Jumpat / SegAnyGAussians

The official implementation of SAGA (Segment Any 3D GAussians)
Apache License 2.0
472 stars 36 forks source link

cuda out of memory #58

Open zw20130717 opened 1 month ago

zw20130717 commented 1 month ago

when i ran extract_features.py using the command in github page, i was informed cuda out of memory. I'm new to coding and python project. After searching the Internet, I changed the batch_size and downsample and still was unable to solve the problem. The imgs I used was 1074*544. Befor SAGA I had successfully run the 3DGS project and received no error information. Can anyone offer any advice which i will be very appreciated (except for change of hardware) 2024-05-23 17-04-49 的屏幕截图

Jumpat commented 1 month ago

Hi you may need 24GB GPU memory for training SAGA. SAGA attaches additional features to the original GS model and the training requires more memory

zw20130717 commented 1 month ago

Hi you may need 24GB GPU memory for training SAGA. SAGA attaches additional features to the original GS model and the training requires more memory

omg 24GB. I presume this is way beyond the efforts of code changing and image editting to solve this cuda-out-of-memory problem. Anyway, thanks for your reply. I may have to borrow someone else's computer to run this project.
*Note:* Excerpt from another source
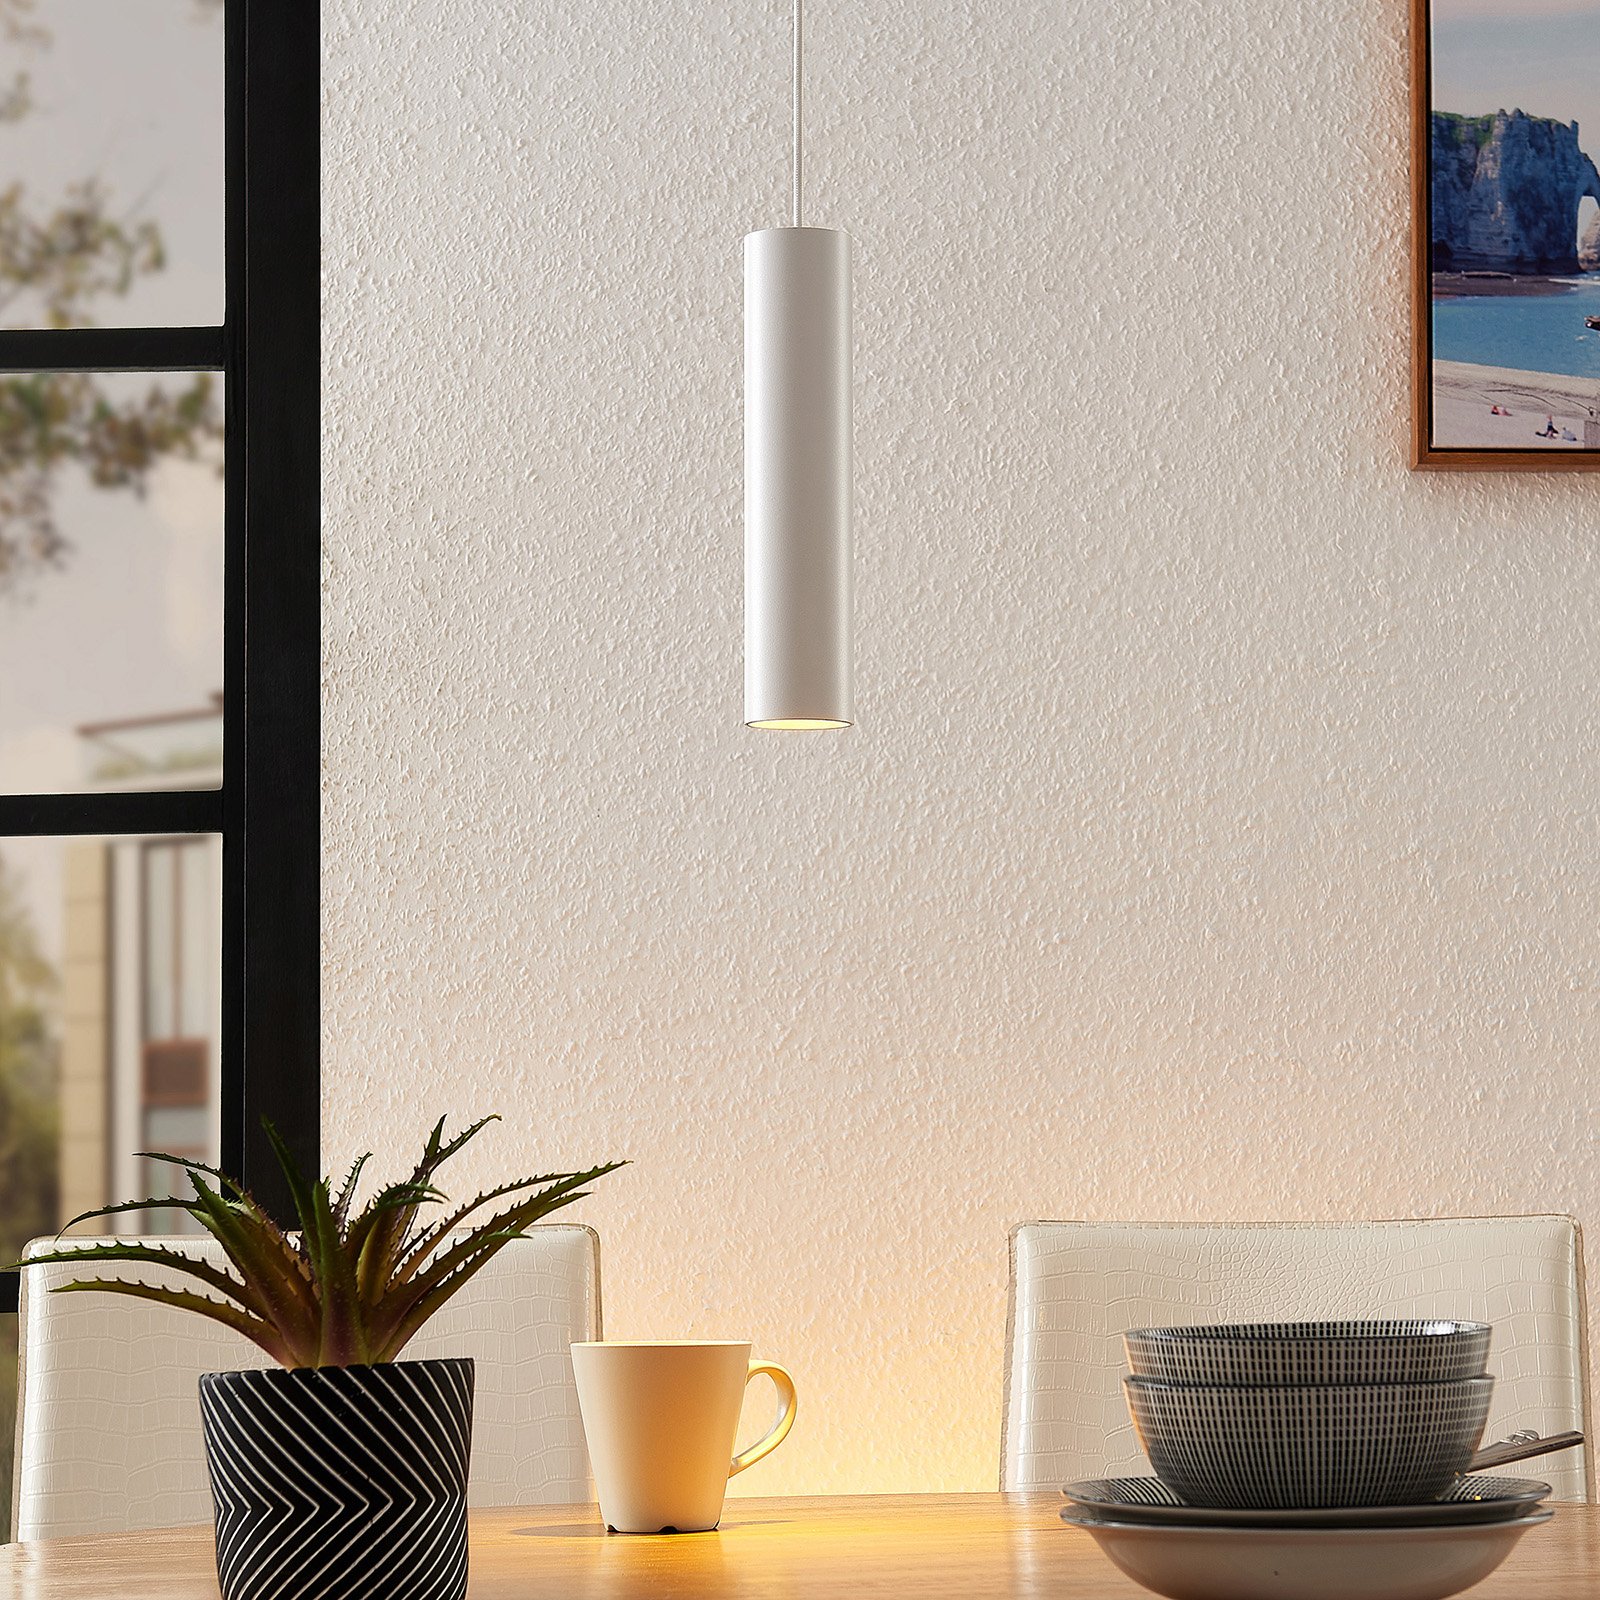 Arcchio Ejona függő lámpa, 27 cm magas, fehér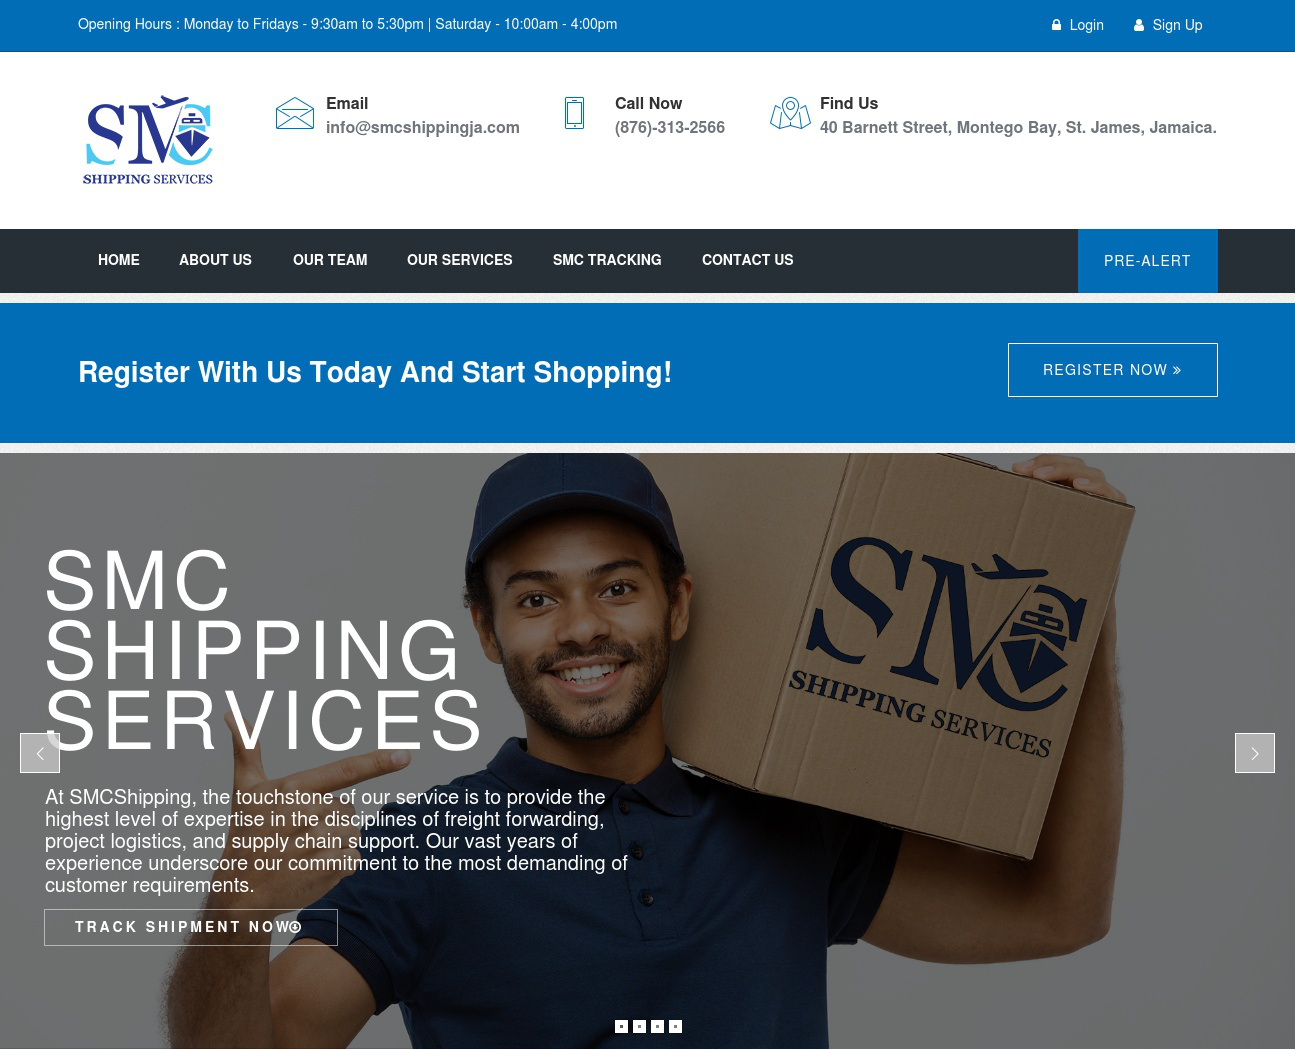 SMC Shipping

Jumpat commented 1 month ago

You're welcome. We are using a 3090. There may be some method to cut down GPU consumption. For example you can move the sam_masks to cpu. Or you can downsample the masks for supervision, or sample some masks (do not use all masks in an iteration of training). You can check it by yourself.

Luca-Wiehe commented 1 month ago

In the v2-version of the project, I have the same problem despite having 24GB of GPU memory. I trained SAM masks using the --downsample 4 flag.

Since you have the same GPU limitations that we have, which downsampling factor did you use for SAM masks? Did you do anything else to reduce GPU requirements? I am training using a 2000 image scene from the Replica dataset that you reported in your paper.

Edit: Solved this by downsampling the number of images from my dataset.